[HN Gopher] GitHub Copilot investigation
___________________________________________________________________
GitHub Copilot investigation
Author : john-doe
Score : 102 points
Date : 2022-10-17 22:30 UTC (29 minutes ago)
(HTM) web link (githubcopilotinvestigation.com)
(TXT) w3m dump (githubcopilotinvestigation.com)
| jasone wrote:
| I really don't care if my code gets ingested and regurgitated by
| Copilot, but it seems rather a stretch to imagine that this is
| fair use, in part because it separates me from the legal
| protections afforded by the licenses I released my software
| under. In my ideal world, Copilot would be legally viable, and
| releasing my software without restriction wouldn't be risky.
|
| As a long-time open source software developer, I have favored the
| 2-clause BSD and MIT licenses because they are the simplest
| licenses that provide me some liability protection.

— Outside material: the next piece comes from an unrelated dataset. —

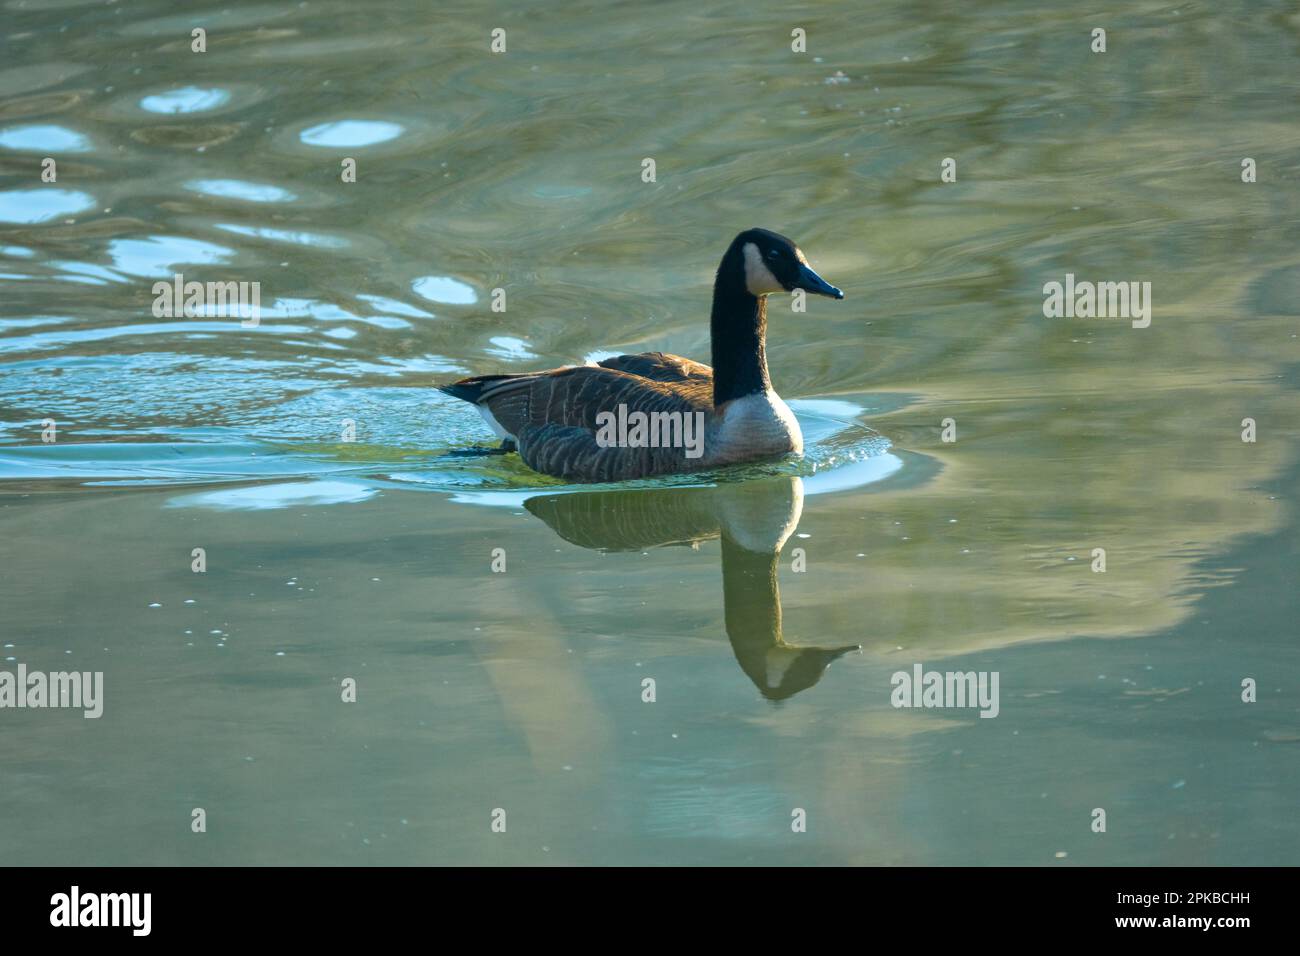 Europe, Germany, Hesse, Waldecker Land, Kellerwald-Edersee National Park, Canada Goose (Branta canadensis) swimming on the water Stock Photo

I would
| release code into the public domain if that didn't increase the
| likelihood of being sued, whether for liability, or for someone
| else claiming intellectual rights to code I actually wrote.
| armchairhacker wrote:
| One issue I see with Copilot is that they get free access to all
| open-source data on GitHub, but using GitHub APIs to download the
| data yourself isn't possible (rate limiting). This is an unfair
| advantage. Copilot is not only making money off of open-source,
| they are making money off of open-source in a way others can't.
|
| I would love to see a lawsuit which requires GitHub to provide
| their full Copilot dataset.
| Kiro wrote:
| Abolish all copyright. You're all happily pirating movies and
| songs but code is for some reason sacred.
| ipaddr wrote:
| Doesn't really explain how co-pilot is stealing your community.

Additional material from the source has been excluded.